Dude, I just saw a bird vs. squirrel fight. A car won.
That girl would be great looking if she lost 1000 pounds and cut off her head.
Please don't use social media to get back at me.
We had literally Just finished having sex when he handed me a plan B and said he lied about wearing a condom.
You spend 45 minutes trying to convince that pregnant girl you were with all night to have sex with you cause 'the worst had already happened.'
got woken up at 7:30 by a drunk girl asking me where she was... apparently she slept on my futon
she was in a cheetah costume
Smuggling a beer bottle full of vodka out of the bar with a tampon as a plug for the top of the bottle wasn't one of my classiest ideas... but your hangover proves it was resourceful and effective. Your welcome.
I went back to the party but by then they were all sitting on the floor in the dark listening to we are the champions on full blast.

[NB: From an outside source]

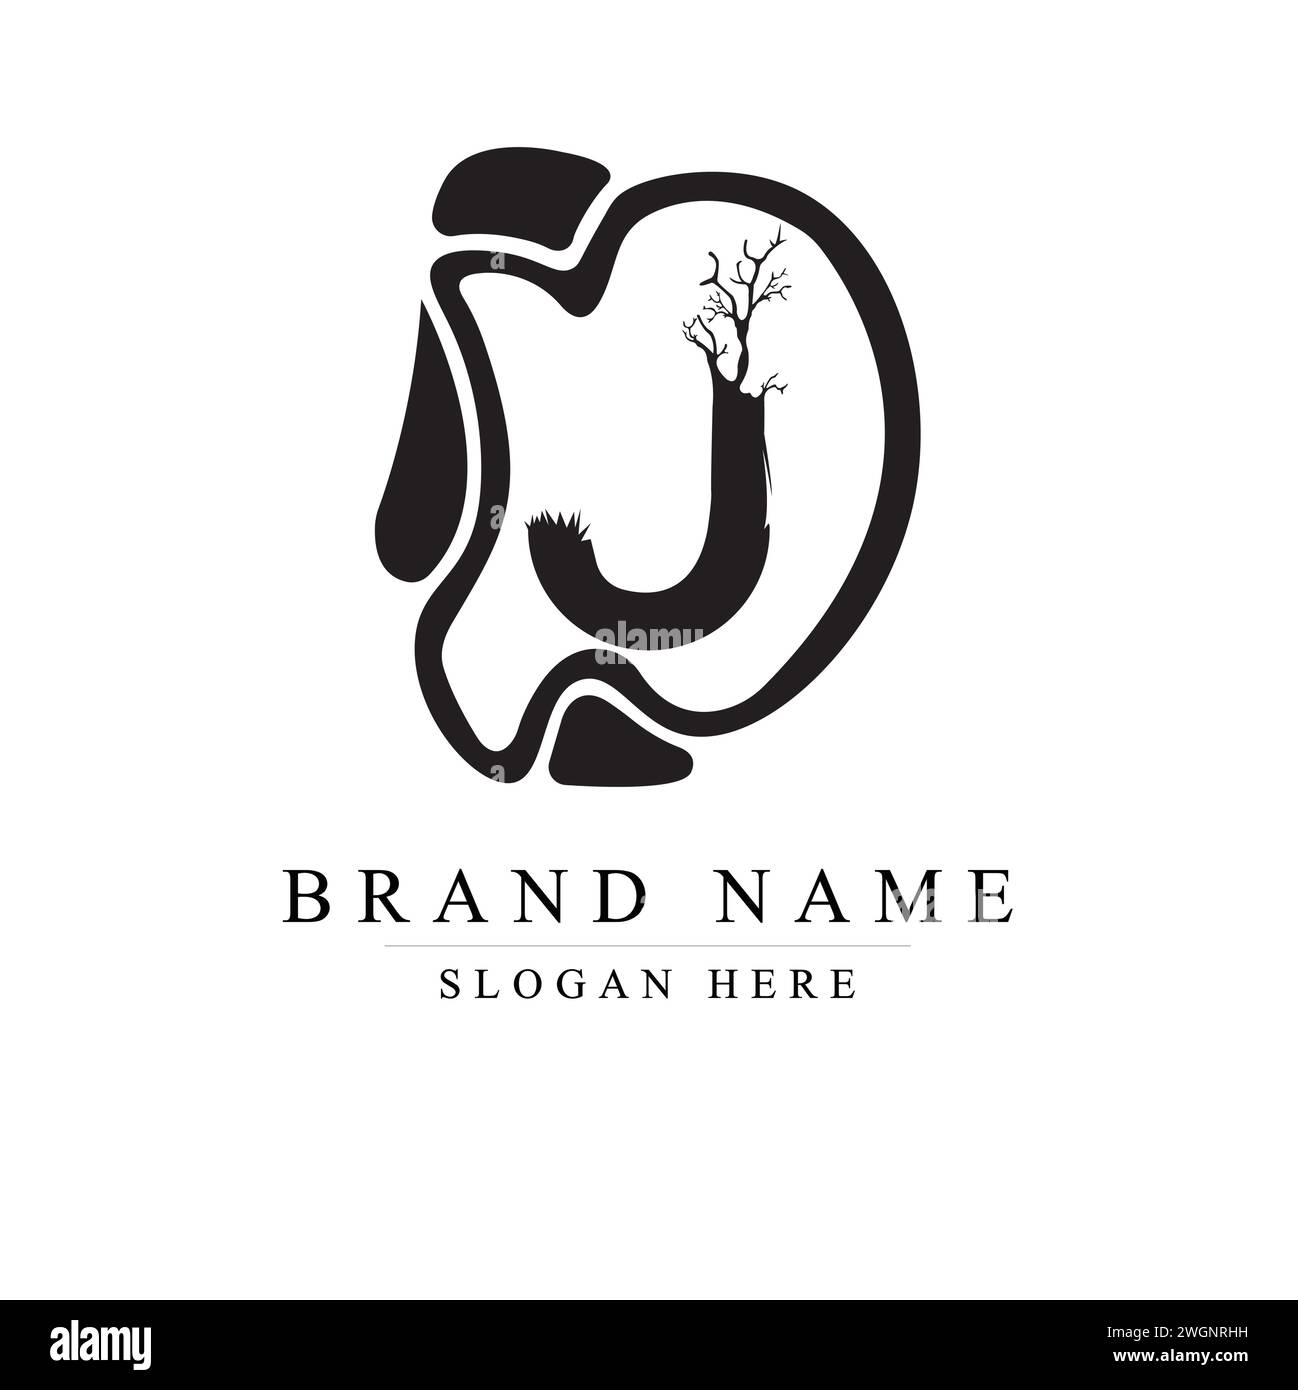 The Tree-Inspired J Logo for Premium Brands, The Tree-Inspired J Logo for Premium Brands Stock Vector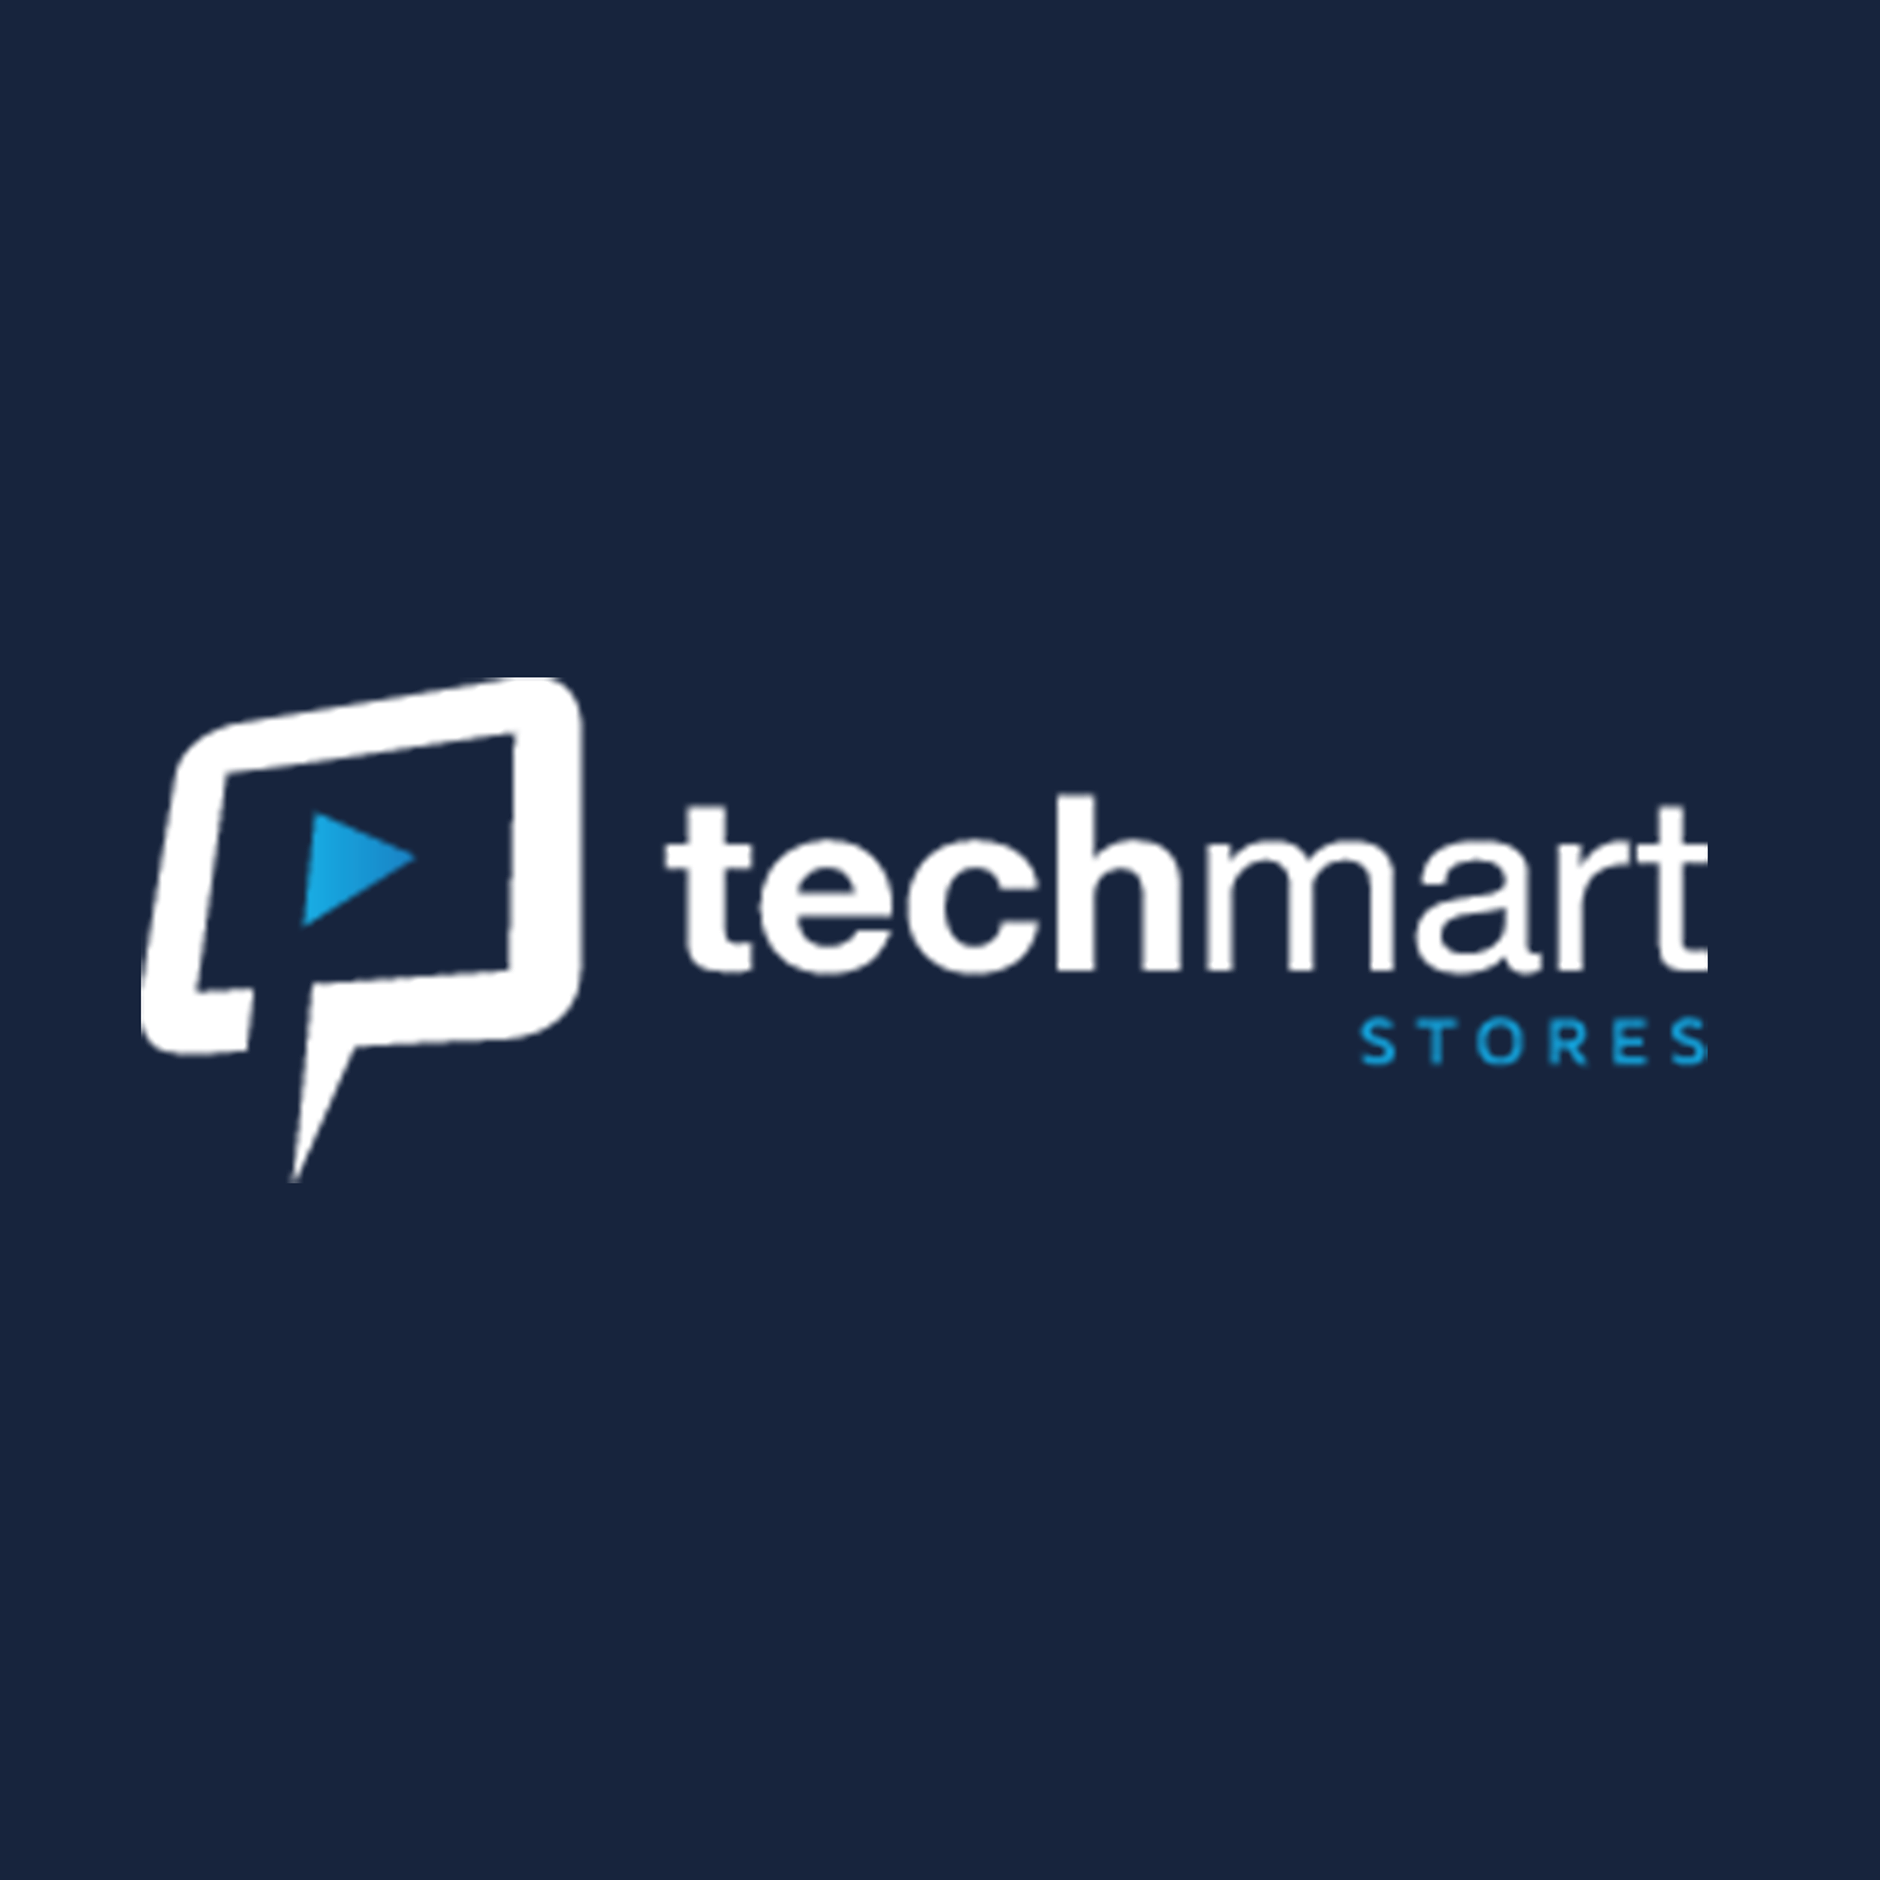 Techmart

I'm so excited for post-beer fest chipotle. It will be better than scared shitless pre-go karting chipotle.
I just hip-checked Santa and stole his cab.
Good!!! I'm so proud of you for not snorting alcohol. Big girl steps.
You know, this is NOT how I pictured my life would be when I was younger, and yet here we are.
My fuck buddy and I talked about Amelia Bedilia for ten minutes before having sex. I think I'm in love.
My first hangover at work. I'm officially an adult.